• [What is needed] In the listing below, locate the line with "JetStar 61-2488 in the 1970s." and the line with "HP ProBook 640", then output both and everything between them exactly, minus any pictures.

Raw data section start

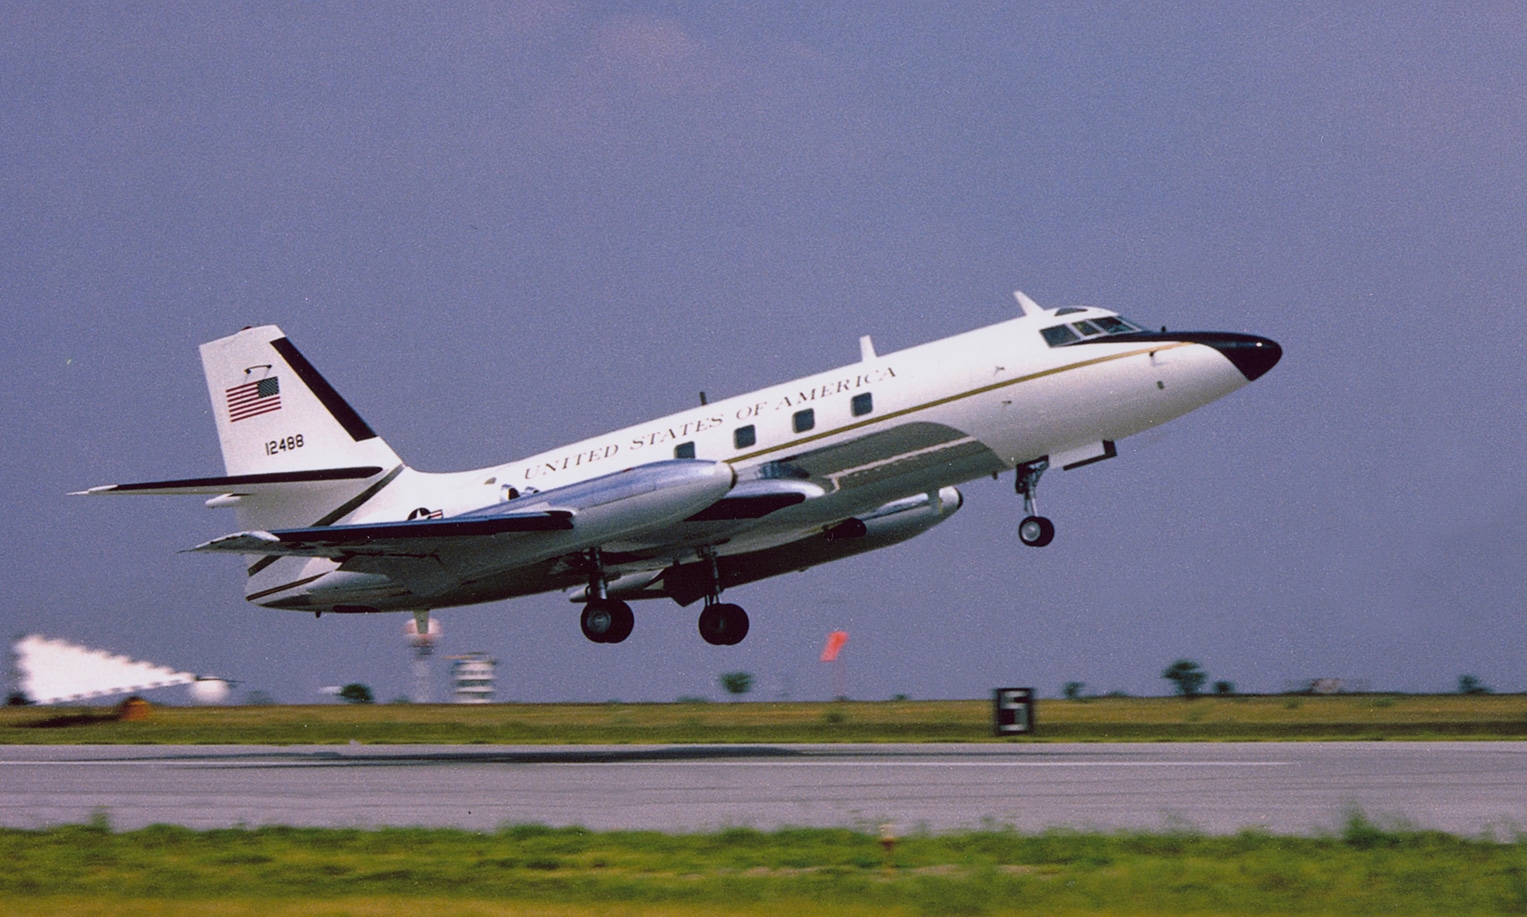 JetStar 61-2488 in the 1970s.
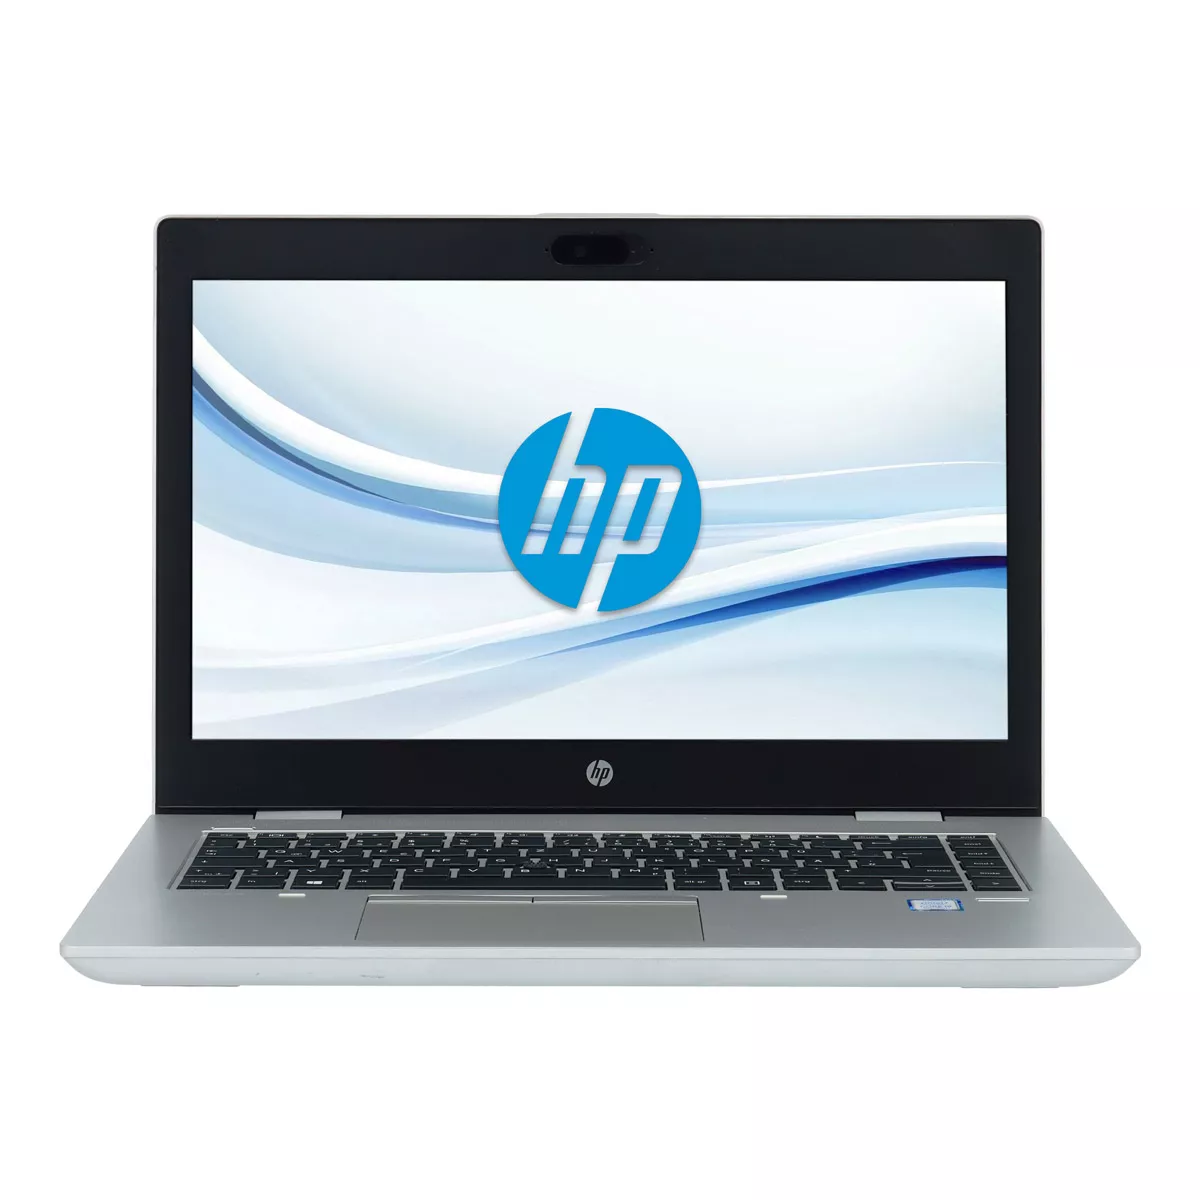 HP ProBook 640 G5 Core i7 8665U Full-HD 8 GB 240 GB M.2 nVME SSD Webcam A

Raw data section end
Raw data section start

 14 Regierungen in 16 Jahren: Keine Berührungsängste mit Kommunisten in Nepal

Raw data section end

• [Written solution]
 JetStar 61-2488 in the 1970s.
 HP ProBook 640 G5 Core i7 8665U Full-HD 8 GB 240 GB M.2 nVME SSD Webcam A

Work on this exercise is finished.